[tex]\vec f(x,y,z)=x^4\,\vec\imath-x^3z^2\,\vec\jmath+4xy^2z\,\vec k\implies\nabla\cdot f=4x^3+4xy^2=4x(x^2+y^2)[/tex]
By the divergence theorem,
[tex]\displaystyle\iint_S\vec f\cdot\mathrm d\vec S=4\iiint_Rx(x^2+y^2)\,\mathrm dV[/tex]

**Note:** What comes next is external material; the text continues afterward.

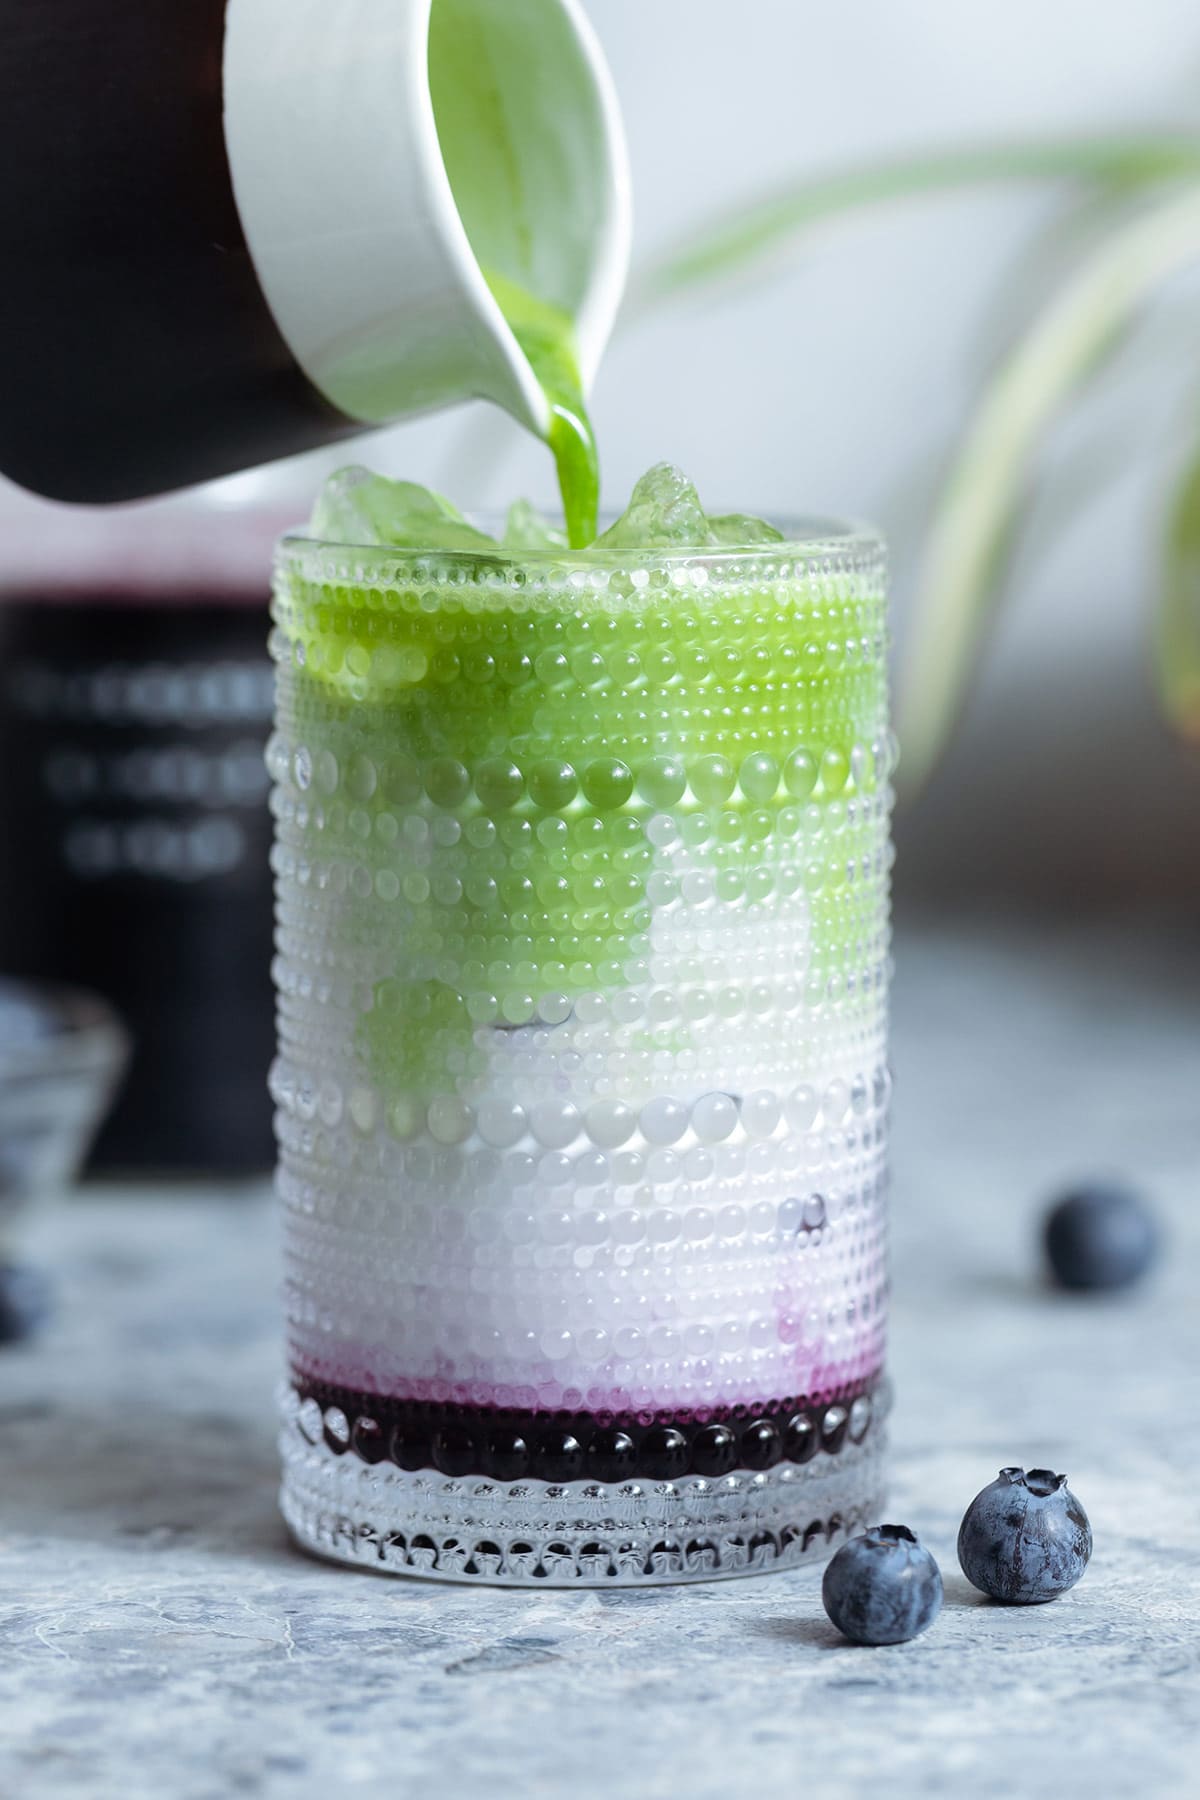 Matcha being poured over milk and blueberry syrup into a tall glass over ice.

where [tex]R[/tex] is the region with boundary [tex]S[/tex]. Convert to cylindrical coordinates, taking
[tex]x=u\cos v[/tex]
[tex]y=u\sin v[/tex]
[tex]z=z[/tex]
so that
[tex]\mathrm dV=u\,\mathrm du\,\mathrm dv\,\mathrm dz[/tex]
Then the integral is
[tex]\displaystyle4\iiint_Rx(x^2+y^2)\,\mathrm dV=4\int_0^{2\pi}\int_0^3\int_0^{u\cos v+3}u\cos v((u\cos v)^2+(u\sin v)^2)u\,\mathrm dz\,\mathrm du\,\mathrm dv[/tex]
[tex]\displaystyle=4\int_0^{2\pi}\int_0^3\int_0^{u\cos v+3}u^4\cos v\,\mathrm dz\,\mathrm du\,\mathrm dv[/tex]
[tex]=486\pi[/tex]